We hypothesized that animal performance and metabolism of growing Bos indicus Nellore cattle are positively influenced by additional energy provided by supplementation during the wet-dry transition period and that no major differences would be observed between corn or citrus pulp-based supplements.

2. Materials and Methods

2.1. Experimental Area and Previous Management

The two experiments were conducted in an area of 13.8 hectares of Marandu palisade grass (Uruchloa brizantha cv. Marandu) at the Forage Crops and Grasslands section of Sao Paulo State University (Unesp), “Júlio de Mesquita Filho” campus in Jaboticabal, São Paulo, Brazil, 21°15′22″ S, 48°18′58″ W, 595 metres above sea level.

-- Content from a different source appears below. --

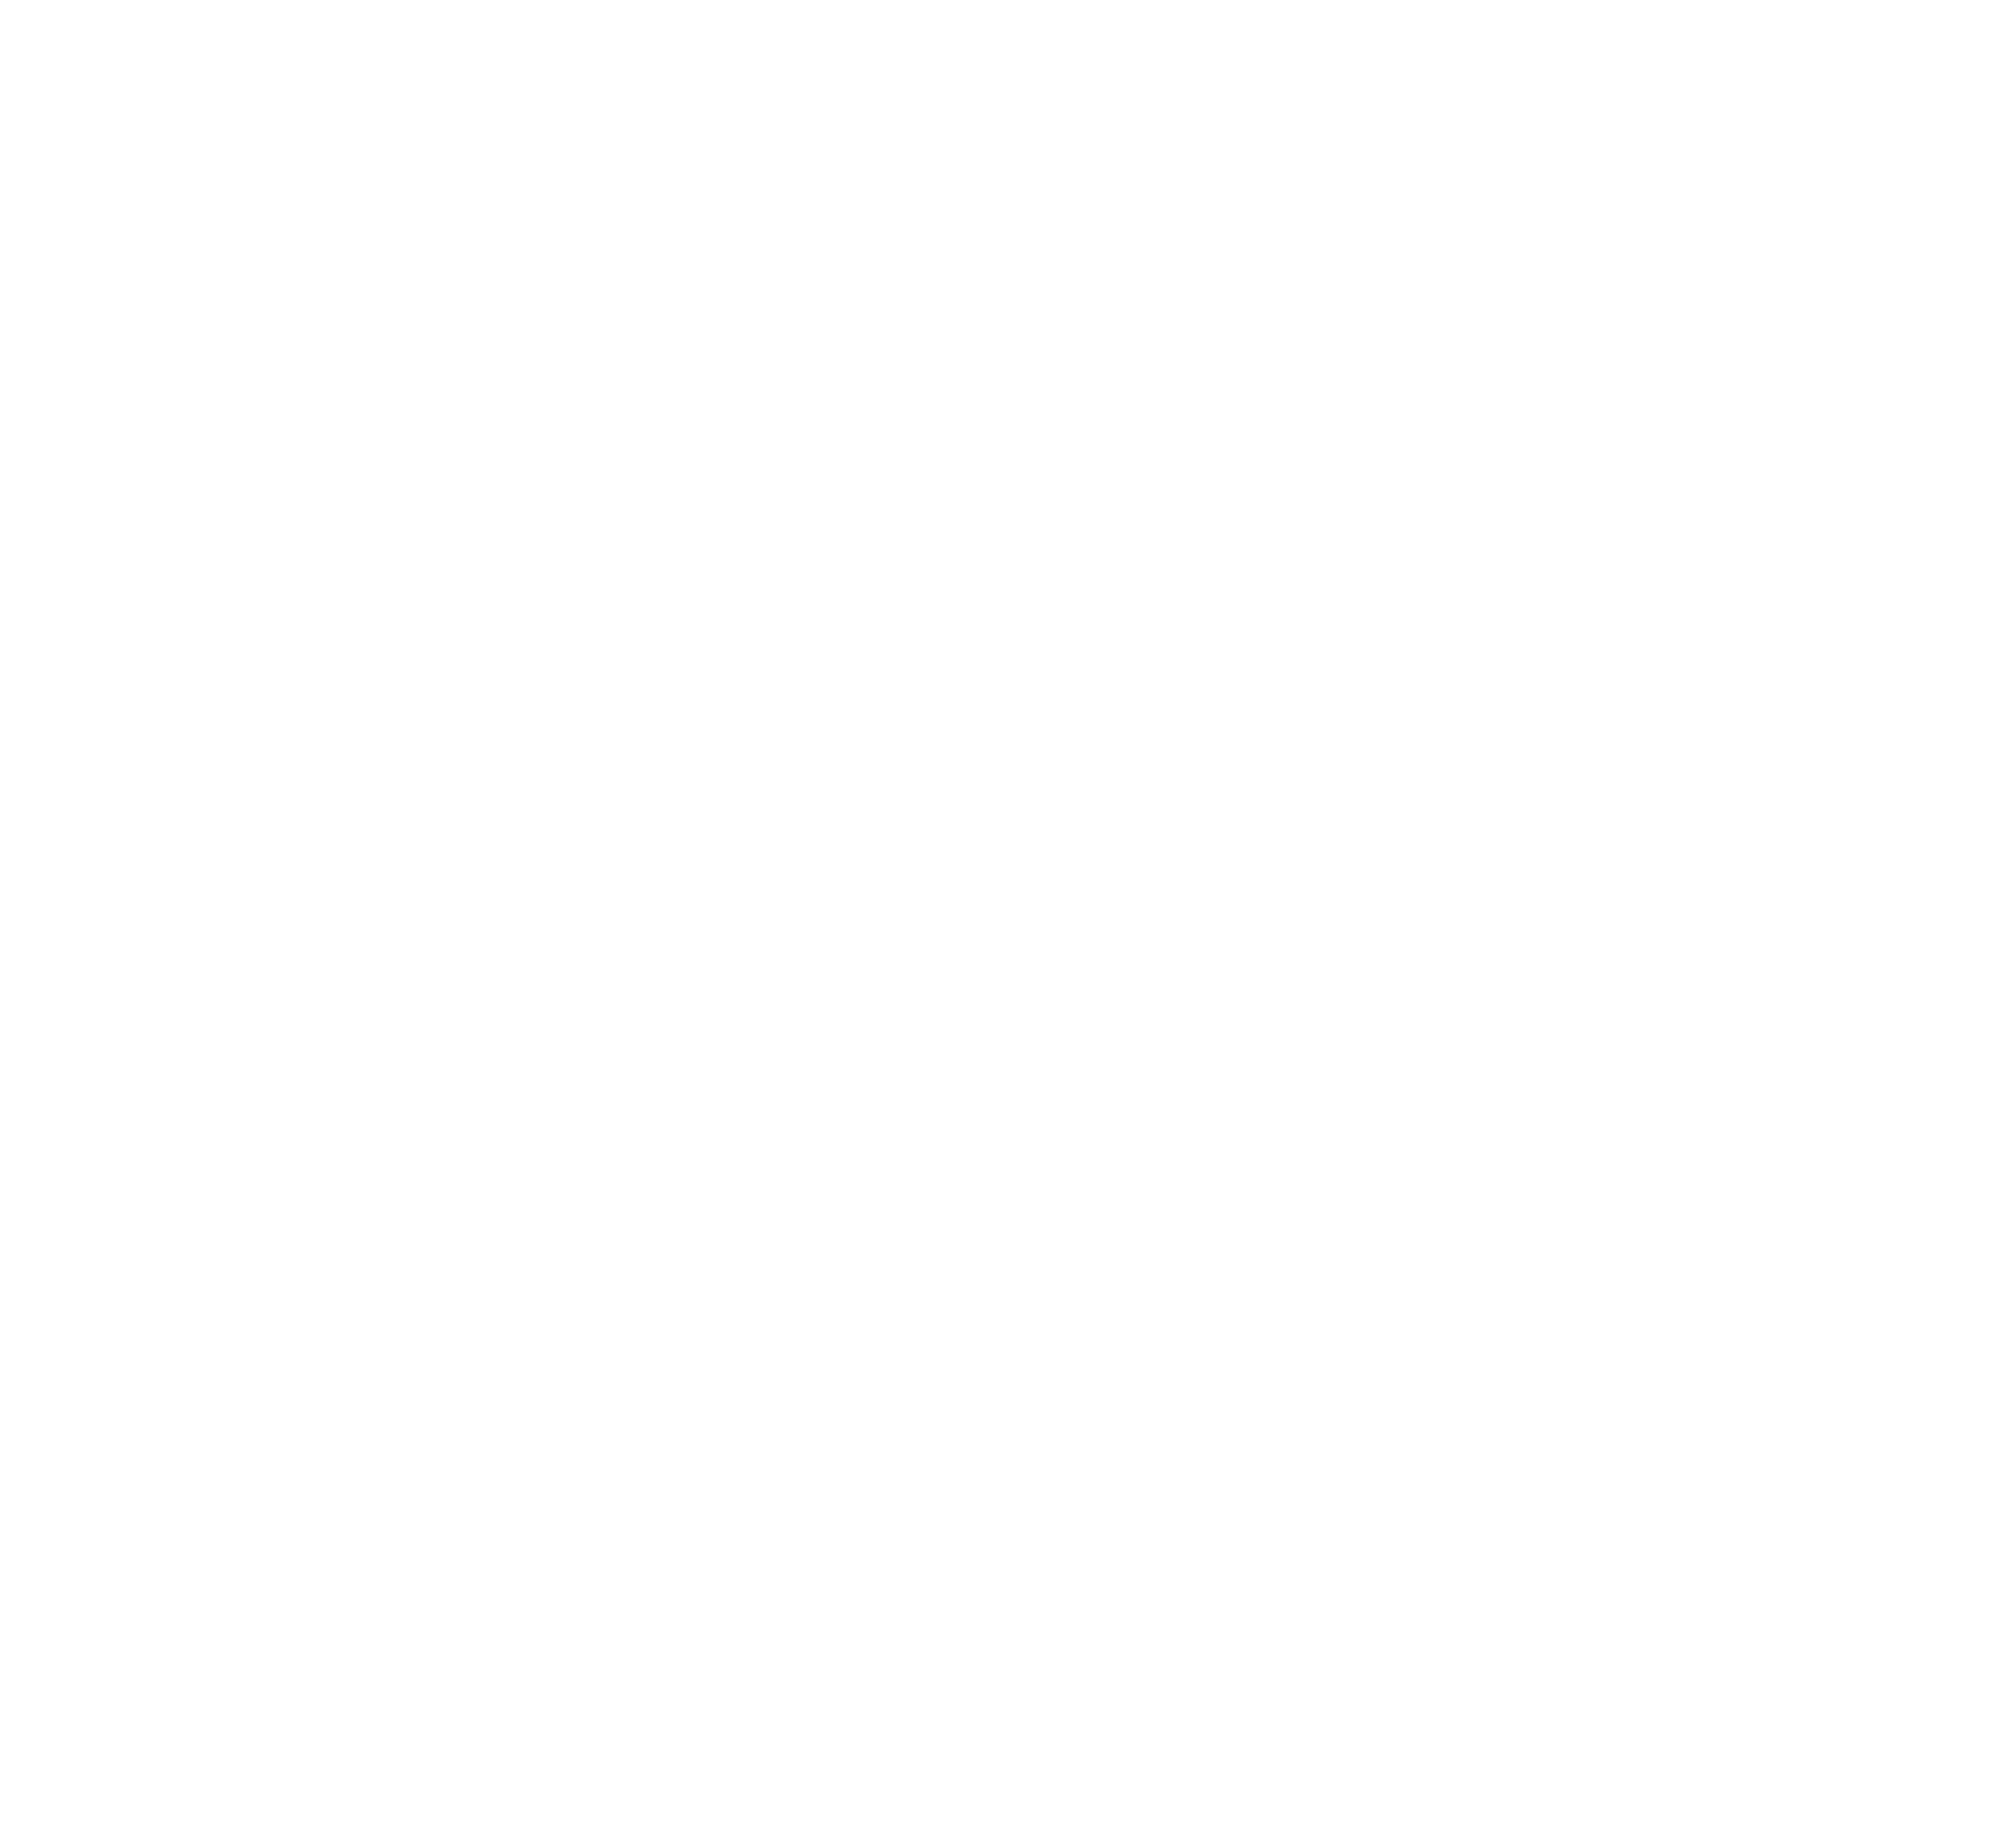 live chat icon

The area was divided into 12 paddocks (six of 1.0 ha and six of 1.3 ha) previously managed under continuous grazing with variable stocking rates during the wet season from 7 January to 30 April 2011. Fertilization was applied in the wet season with a total of 188, 28, and 16 kg of nitrogen, phosphorus, and potassium per hectare, respectively, resulting in pastures averaging 8.2 t of herbage mass dry matter (DM), 15.45% crude protein (CP) and 60.73% of total digestible nutrients (TDN). No further fertilization was used during the wet-dry transition period between May and August 2011, when the experiments described in the present study were carried out.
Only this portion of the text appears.